== DATASET EXCERPTS ==
◆ ◆ ◆ ◆ ◆ ◆ ◆
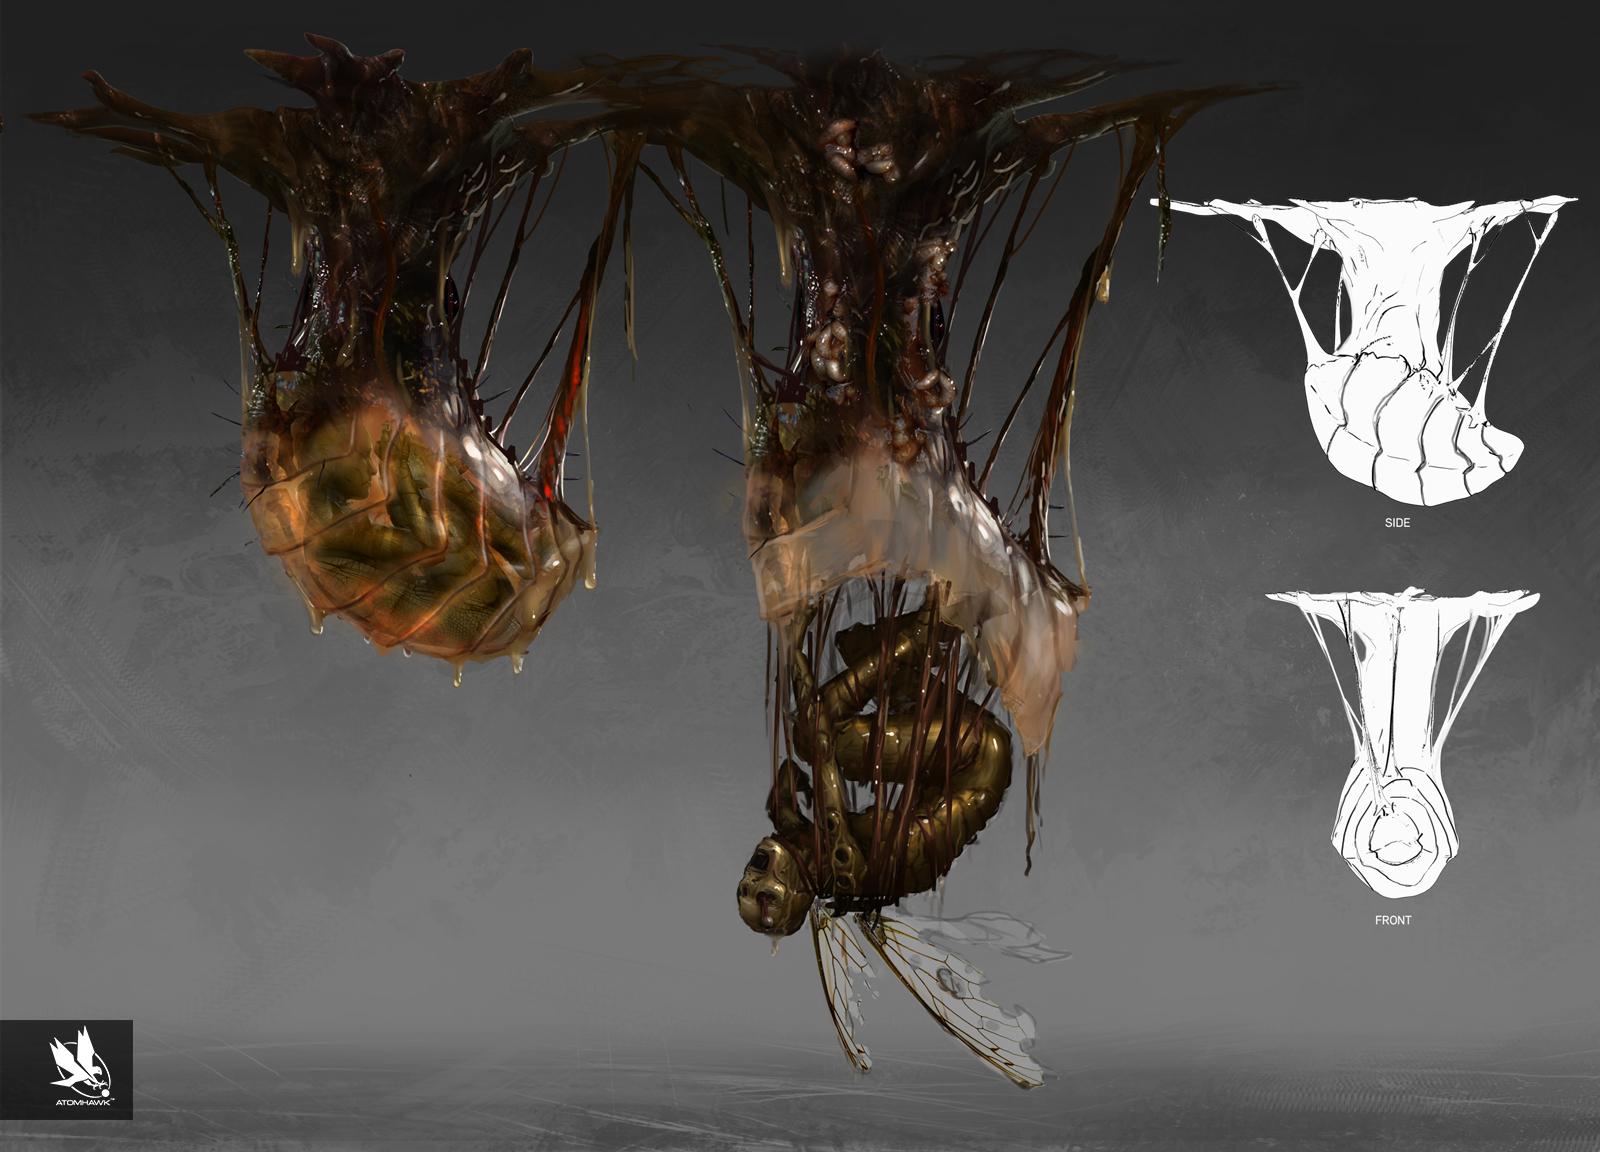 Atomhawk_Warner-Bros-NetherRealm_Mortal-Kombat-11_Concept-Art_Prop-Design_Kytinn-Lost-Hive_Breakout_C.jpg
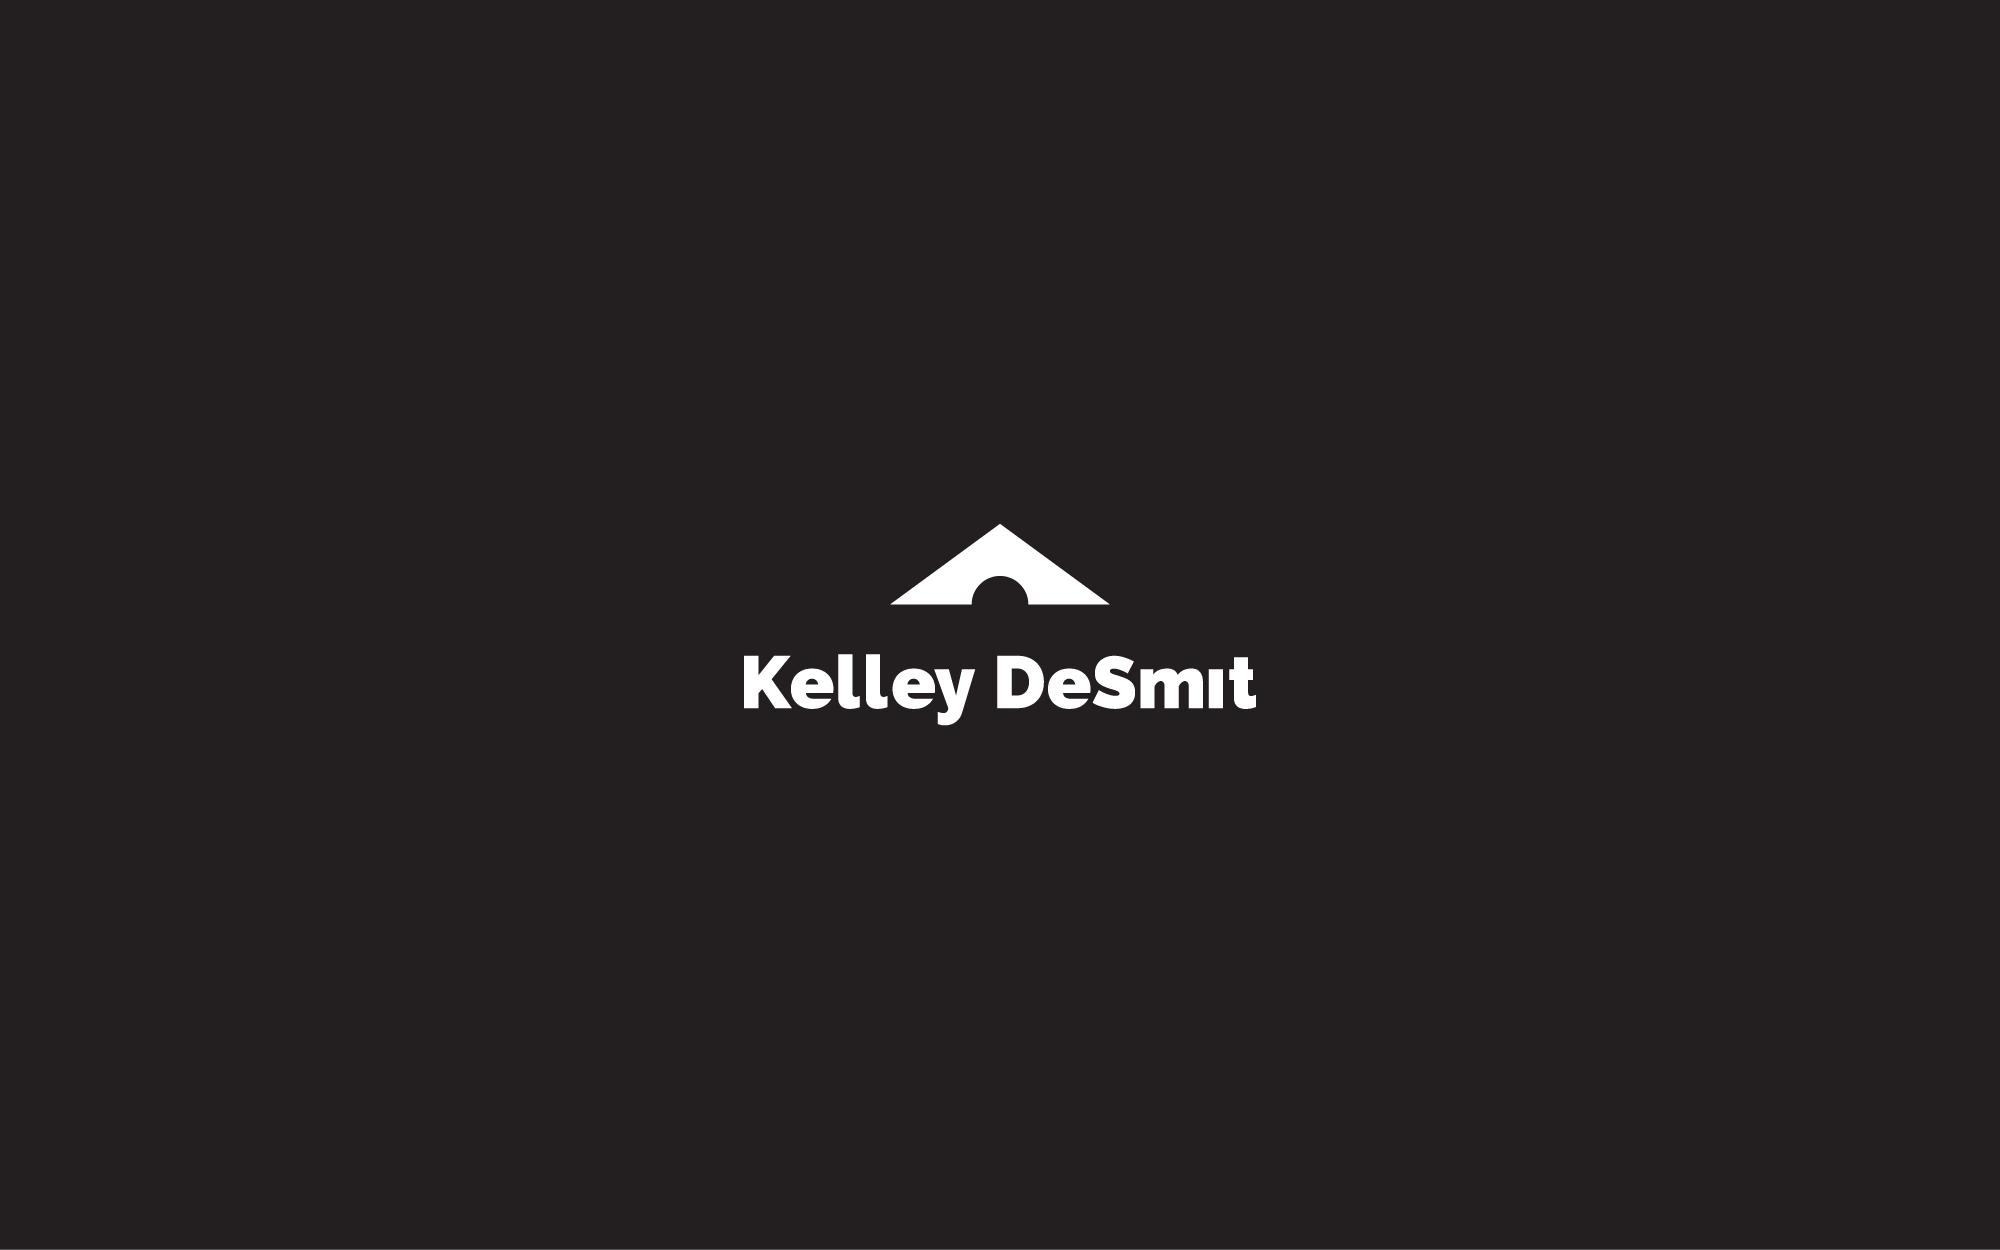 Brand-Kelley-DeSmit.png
◆ ◆ ◆ ◆ ◆ ◆ ◆
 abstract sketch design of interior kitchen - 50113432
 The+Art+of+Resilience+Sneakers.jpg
◆ ◆ ◆ ◆ ◆ ◆ ◆
== PROBLEM TO SOLVE ==
Your answer should be the exact lines above from the one with "abstract sketch design" through the one with "The+Art+of+Resilience+Sneakers.jpg", both included, and nothing besides.

== SOLUTION FOR THIS TASK ==
 abstract sketch design of interior kitchen - 50113432
 The+Art+of+Resilience+Sneakers.jpg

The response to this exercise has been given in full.